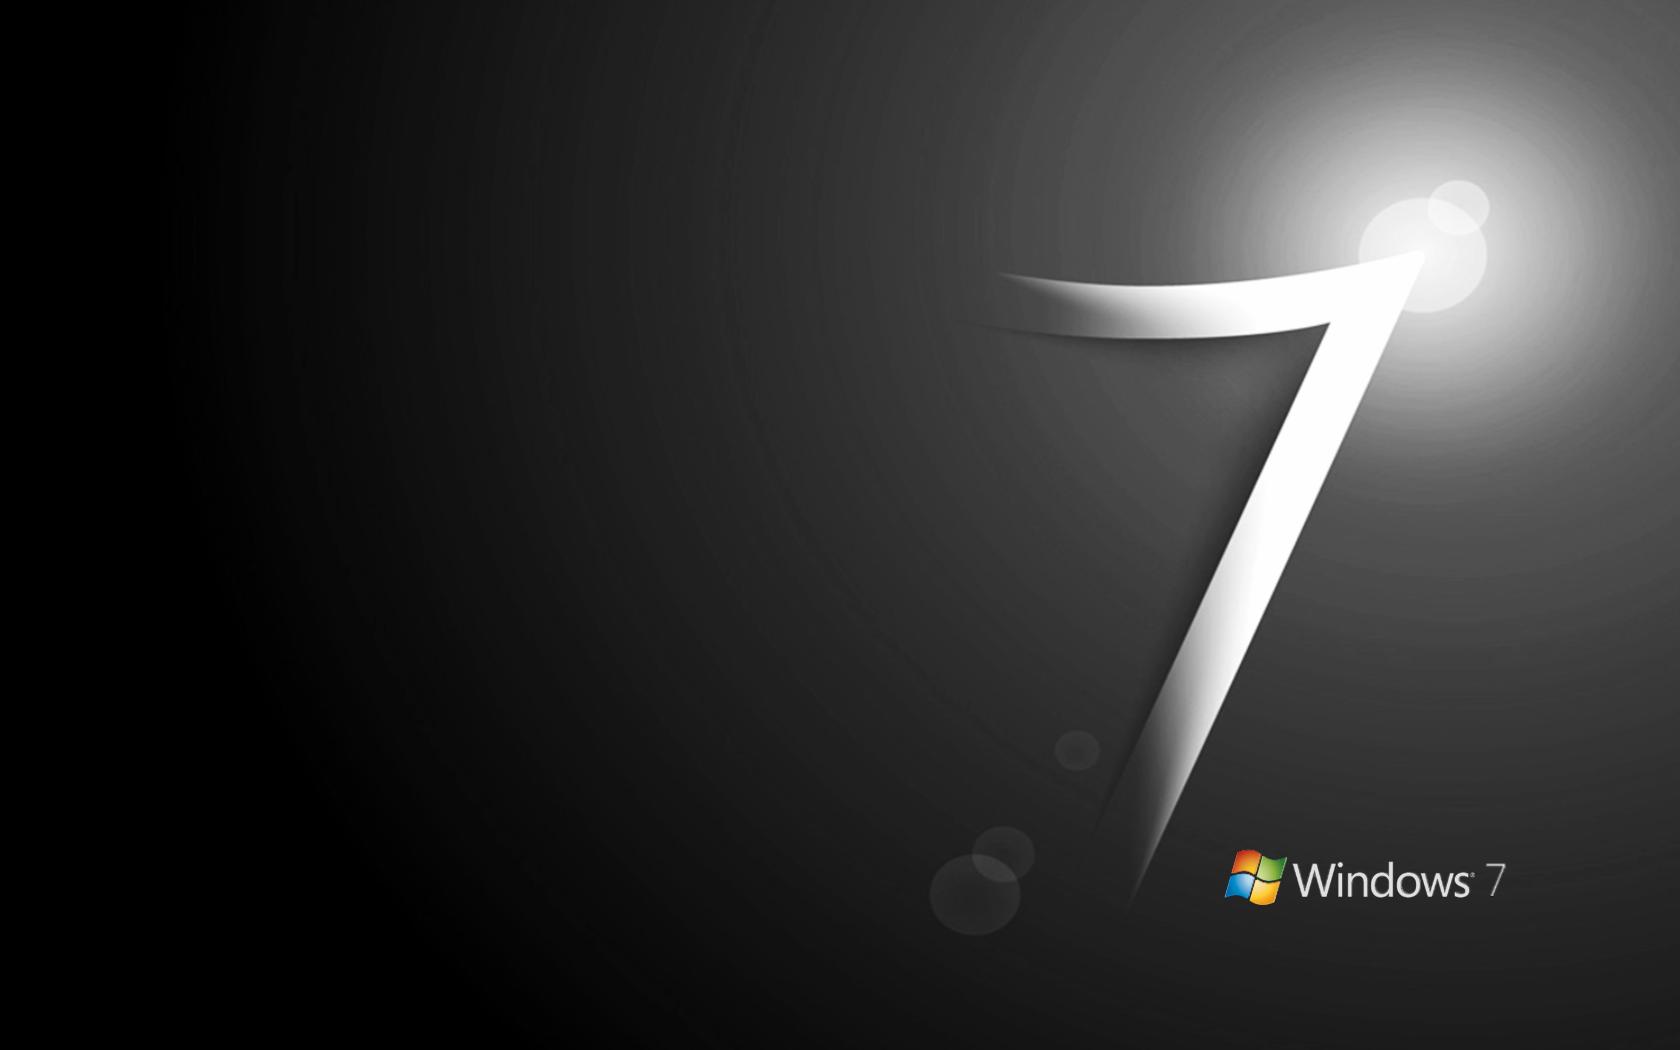 windows xp经典桌面 最美图片网图片
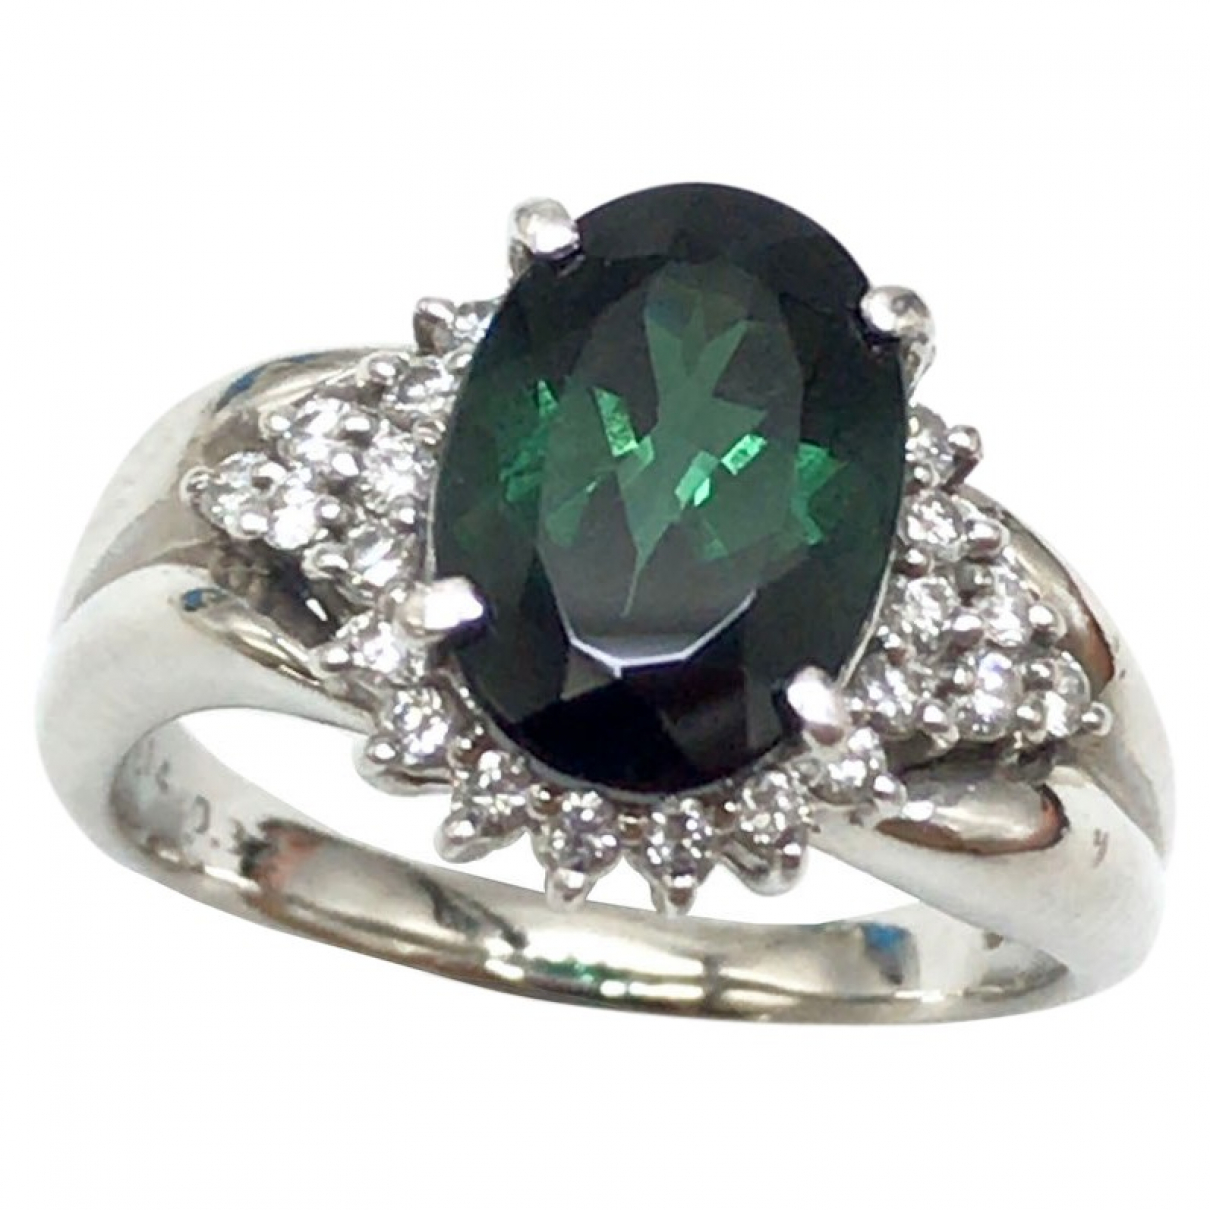 Non Signe / Unsigned Emeraude Ring in Platin
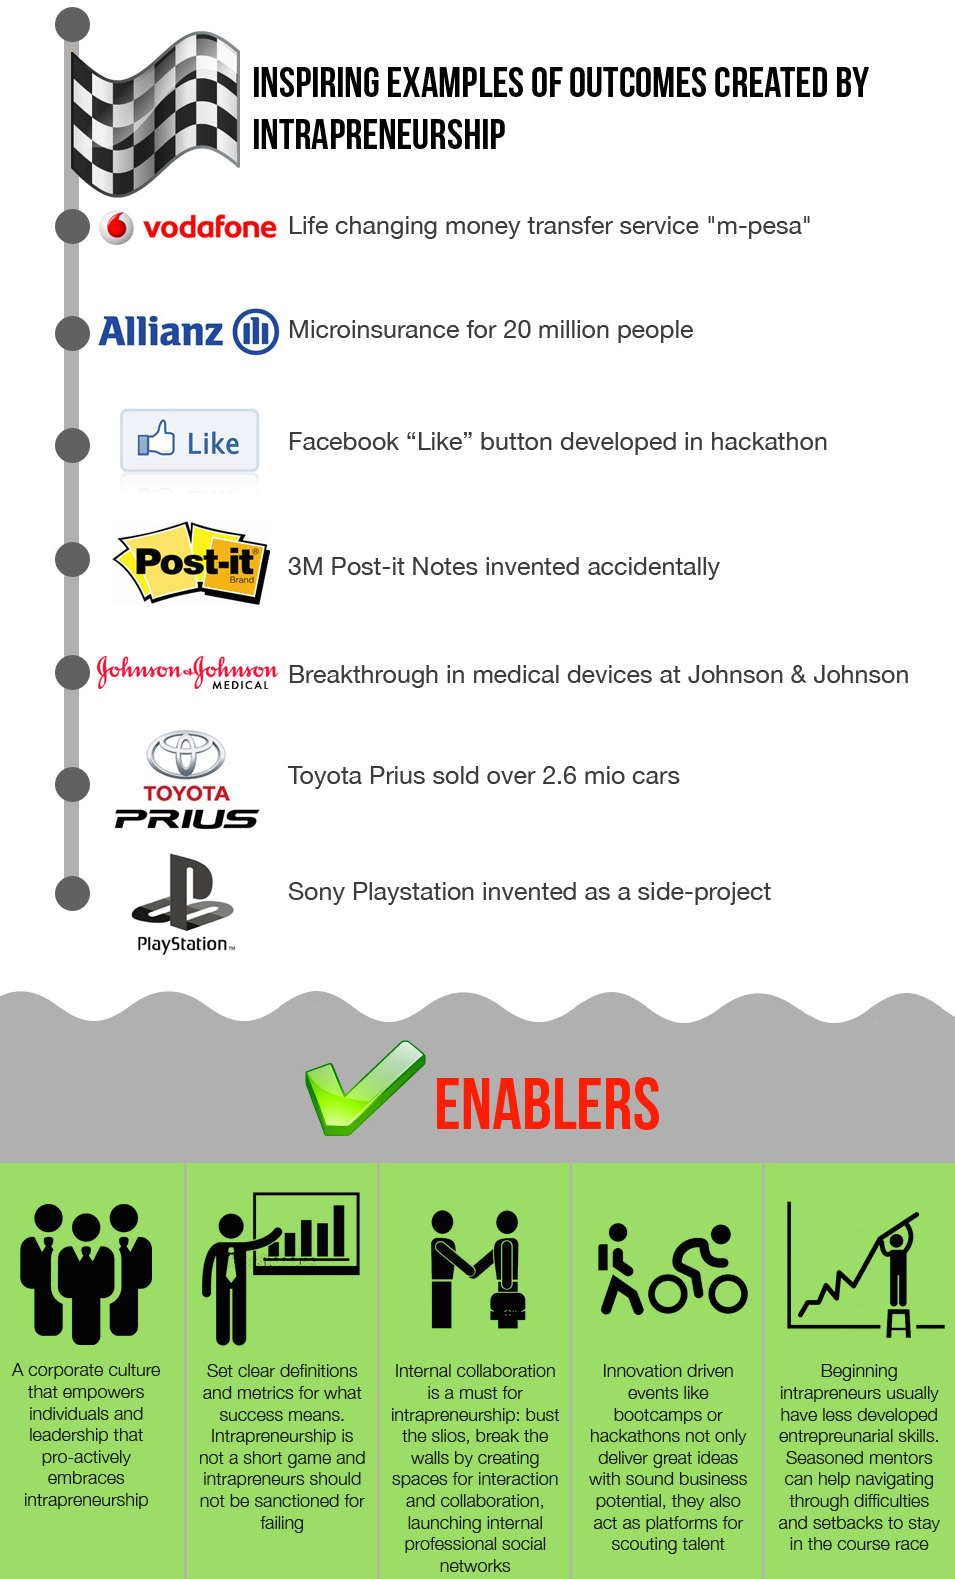 Intrapreneurship: Companies

- Work item -
The listing above must be repeated exactly, apart from the pictures.

- Answer below -
 windows xp经典桌面 最美图片网图片
 Non Signe / Unsigned Emeraude Ring in Platin
 Intrapreneurship: Companies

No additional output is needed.